I think it's more that the Clojure article just shows the code with very
little explanation. Whereas my post was intended to demonstrate some of the
basic capabilities of Perl 6's multiple dispatch and type system for people
who aren't very, if at all, familiar with Perl 6. People unfamiliar with
Clojure can probably guess what the code in the Clojure post does. I think I
was able to (although I've dabbled in Clojure and Common Lisp, so I can't
speak from the viewpoint of a total newbie to those languages). Some of the
Perl 6 syntax I devoted paragraphs to explain were probably as clear as
(defrecord Person [name age]), but I chose to explain them exactly to be sure
that any readers unfamiliar with Perl 6 were able to know the exact
semantics(e.g., that readonly attributes are the default). Some of the syntax
is not something someone who has never heard of Perl 6 will be able to look at
and know the meaning of immediately. Is that really such a problem, if the
meaning of such features(sans bugs in the implementations) can be explained
and fully understood in a couple of paragraphs and make things much more
convenient for the person who does know the language? You learn them in a day
or two and benefit from them for the entire time you use the language.

In addition: the two pieces of code are not equivalent. The Perl 6 functions
validate the types of their arguments. The age-group function can tell you the
age-group of both a Person and an age. As well, if you want to write another
multi dispatching on the age group of a Person, it's easier with the Perl 6,
because you just have to do "multi can-have-kids-meal (Child $kid) { True }"
and "multi can-have-kids-meal ($person) { False }".

> But, I wonder, what does "generally" mean? It means that you should read the
> rest of the paragraph to see some examples of its uses. Don't worry, though,
> the actual spec (<http://perlcabal.org/syn/S02.html>, grep for "The *
> character") is much more detailed. My explanation was a bit lackluster, I
> suppose, but I was trying to not devote much time to it, since the post is
> about multiple dispatch and the type system, not about the philosophy of
> DWIM as expressed in the simplicity and usefulness of Whatever.

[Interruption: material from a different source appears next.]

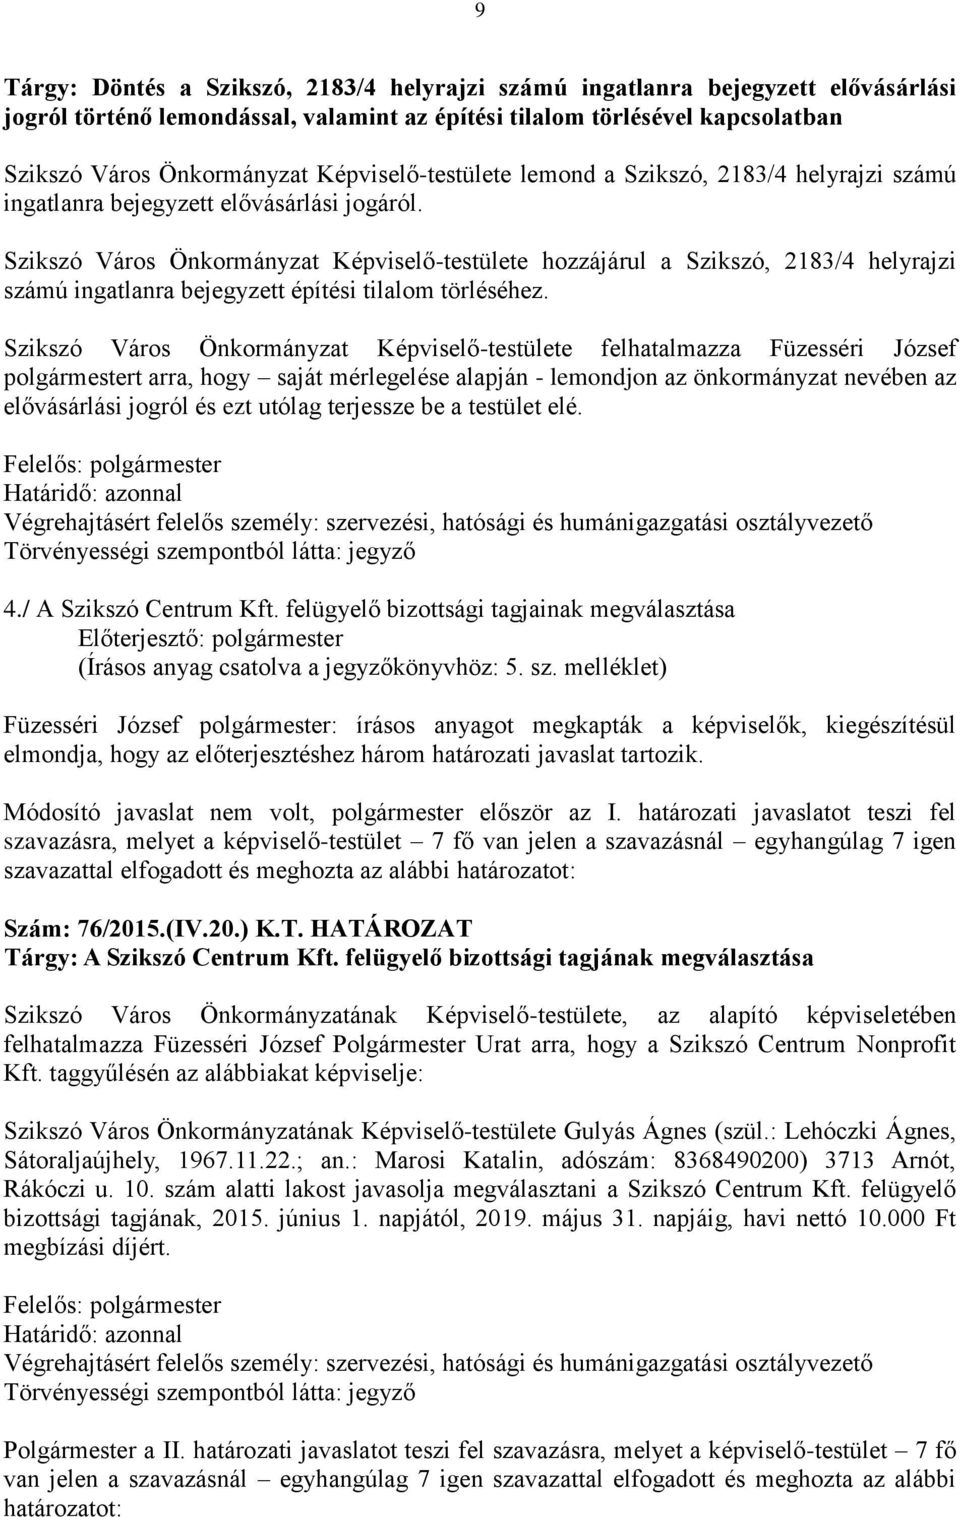 Szikszó Város Önkormányzat Képviselő-testülete hozzájárul a Szikszó, 2183/4 helyrajzi számú ingatlanra bejegyzett építési tilalom törléséhez.

> Oh. It means that sometimes -- even in the context of a trivial nine-line
> example -- the damned asterisk will mysteriously fail and will force me to
> bang my head against the keyboard for half an hour until I finally figure
> out that I just can't use it. Well, more like five minutes (from time that I
> noticed the problem until the time that I had figured out the cause of the
> bug in Rakudo). But, yes, there are still bugs in Rakudo. I doubt this
> particular one will be around much longer(although it'll probably still be
> in this month's Rakudo *, since the compiler release was Thursday).

------
mahmud
Circa 1984:

    
    
      (defclass person ()
        ((name  :initarg :name :accessor person-name)
         (age   :initarg :age  :accessor person-age)))
    
      (defmethod person-age :after ((someone person))
        (let* ((age (person-age someone))
              (category (if (< age 16) 
                           :child
                           (if (>= age 66)
                             :senior
                             :adult))))
           (values age category)))
    

Instead of having some outside "ticket" function to categorize the age of a
person, you should just instrument the generated PERSON-AGE accessor to add
the extra info you need. That way you don't need to modify the rest of your
system to use this data in non-standard ways. The accounting module, for
example, can take care of senior citizen and kid discounts of tickets without
having to be told about it. The system would extensible, without rewrite, once
you want to add seasonal discounts and other business-requirement unapparent
during development. (Looking into ContextL and Context Oriented Programming.)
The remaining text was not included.